++++ DATA ++++

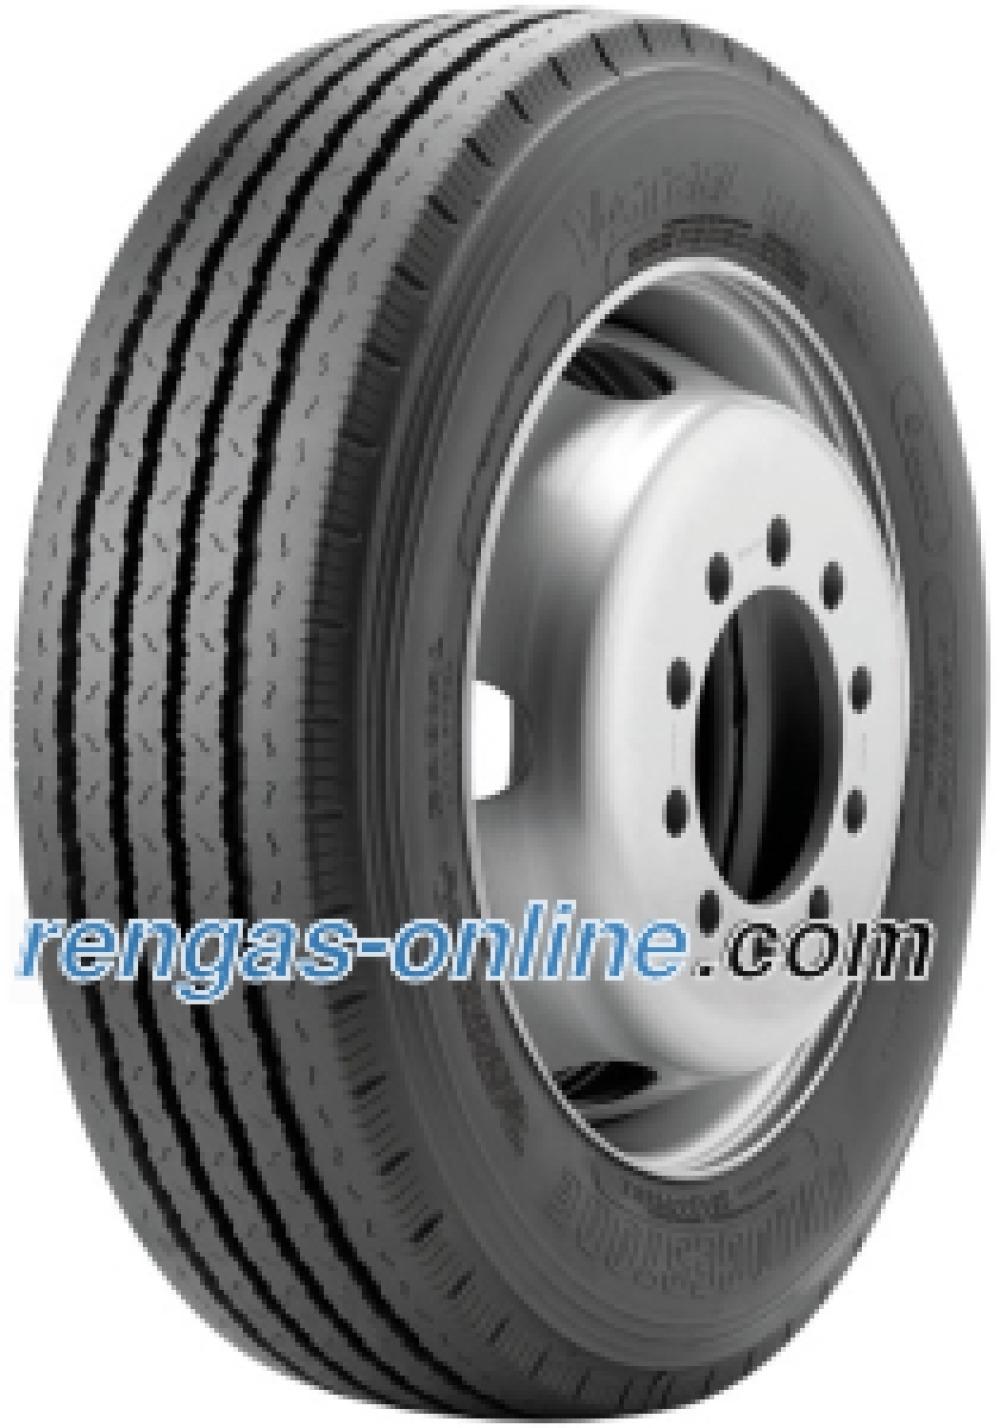 bridgestone-r-294-25570-r225-140137m
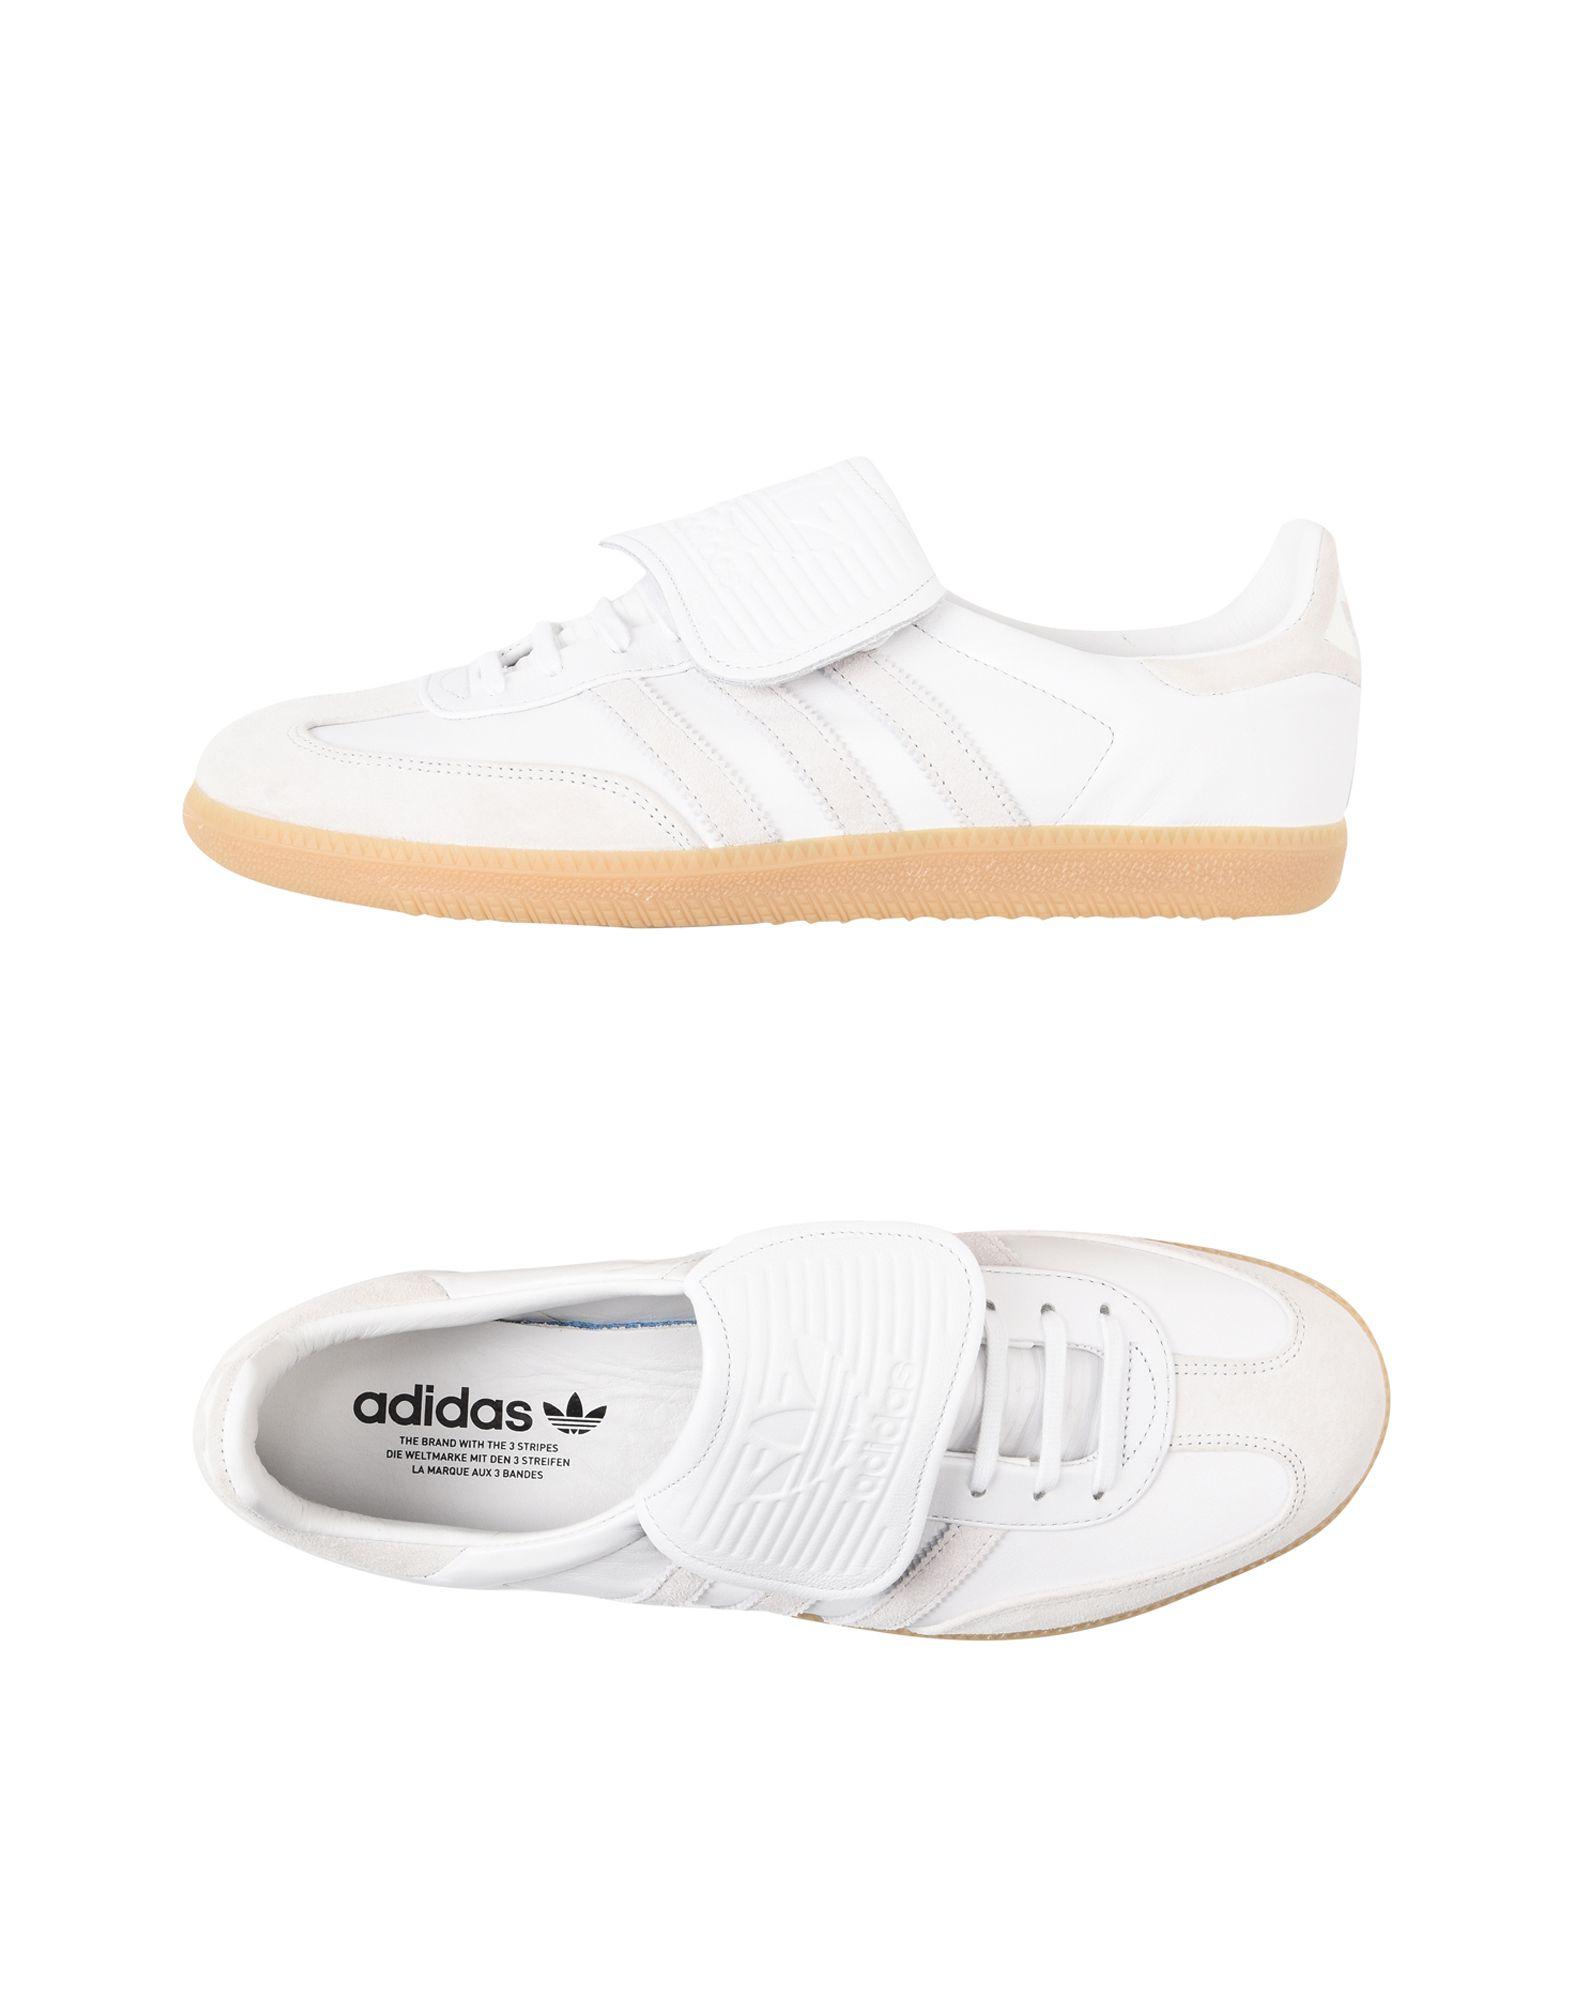 Adidas Originals Samba Recon Lt  11533606JI Gute Qualität beliebte Schuhe
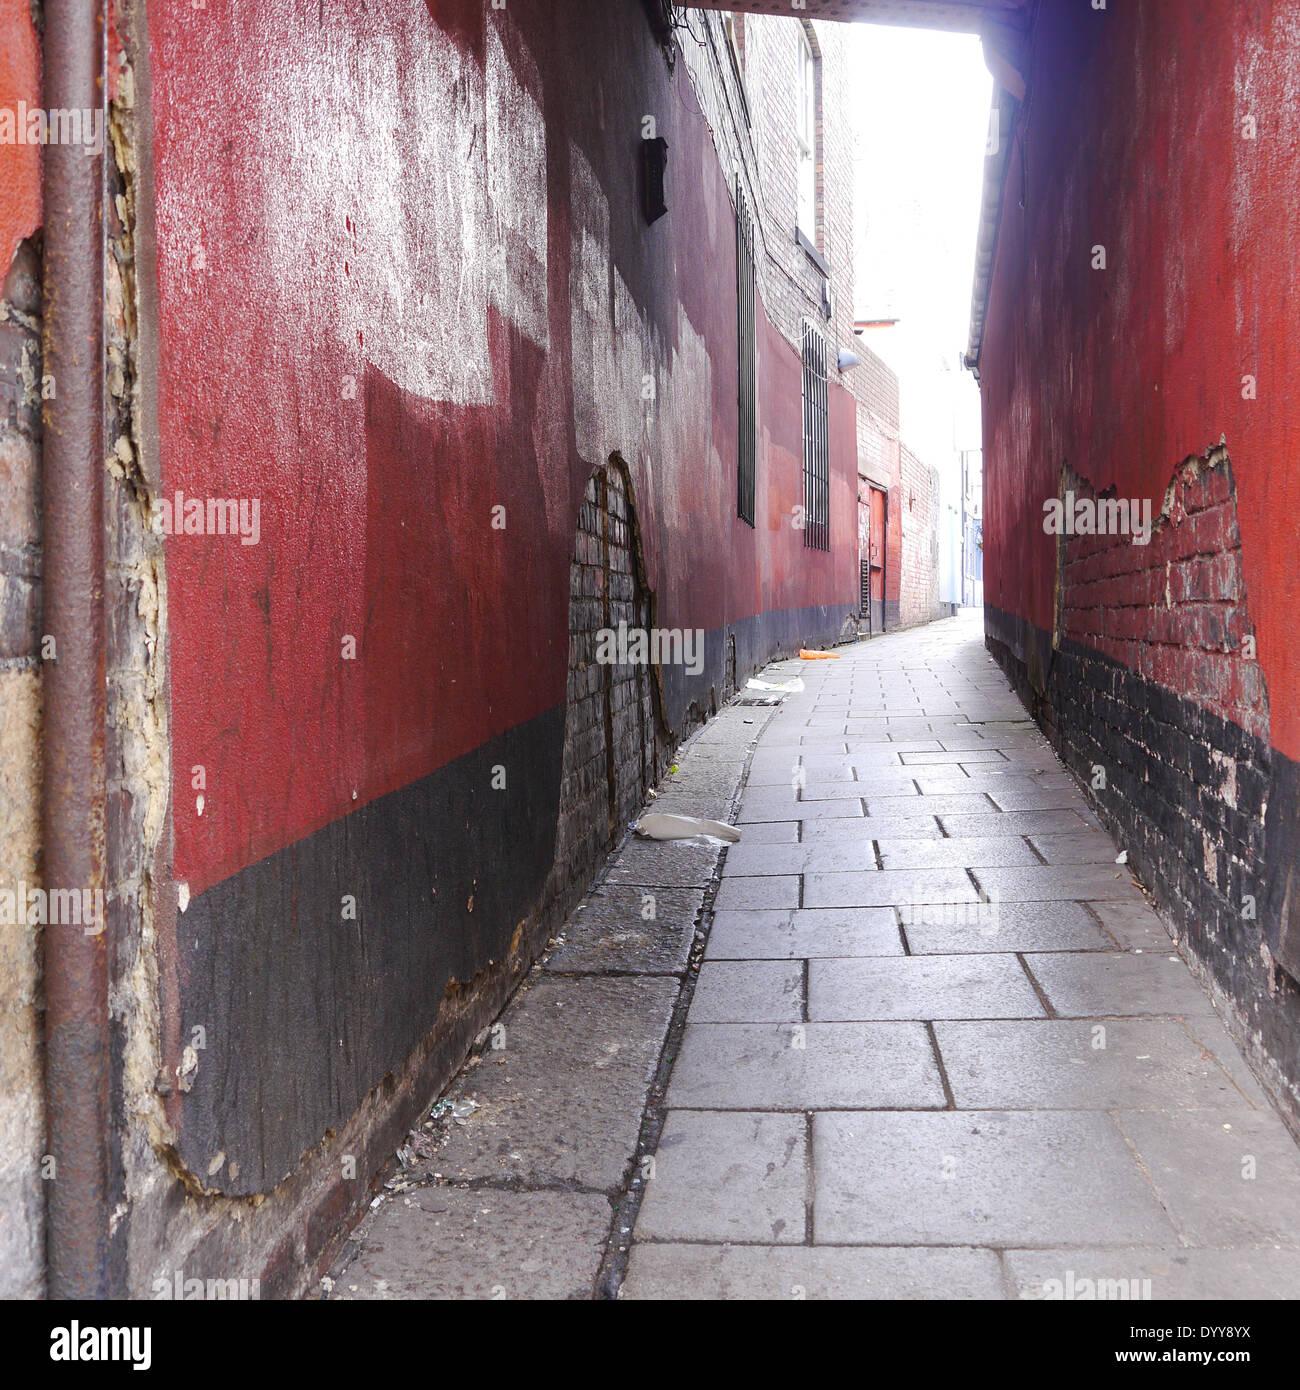 Abandoned Buildings Newcastle Uk: Derelict Lane Stock Photos & Derelict Lane Stock Images

++++

AIM OF THE TASK
Each line from the one containing "Adidas Originals Samba" through the last line of the listing must be copied exactly, and the pictures must not be.

ANSWER SECTION
 Adidas Originals Samba Recon Lt  11533606JI Gute Qualität beliebte Schuhe
 Abandoned Buildings Newcastle Uk: Derelict Lane Stock Photos & Derelict Lane Stock Images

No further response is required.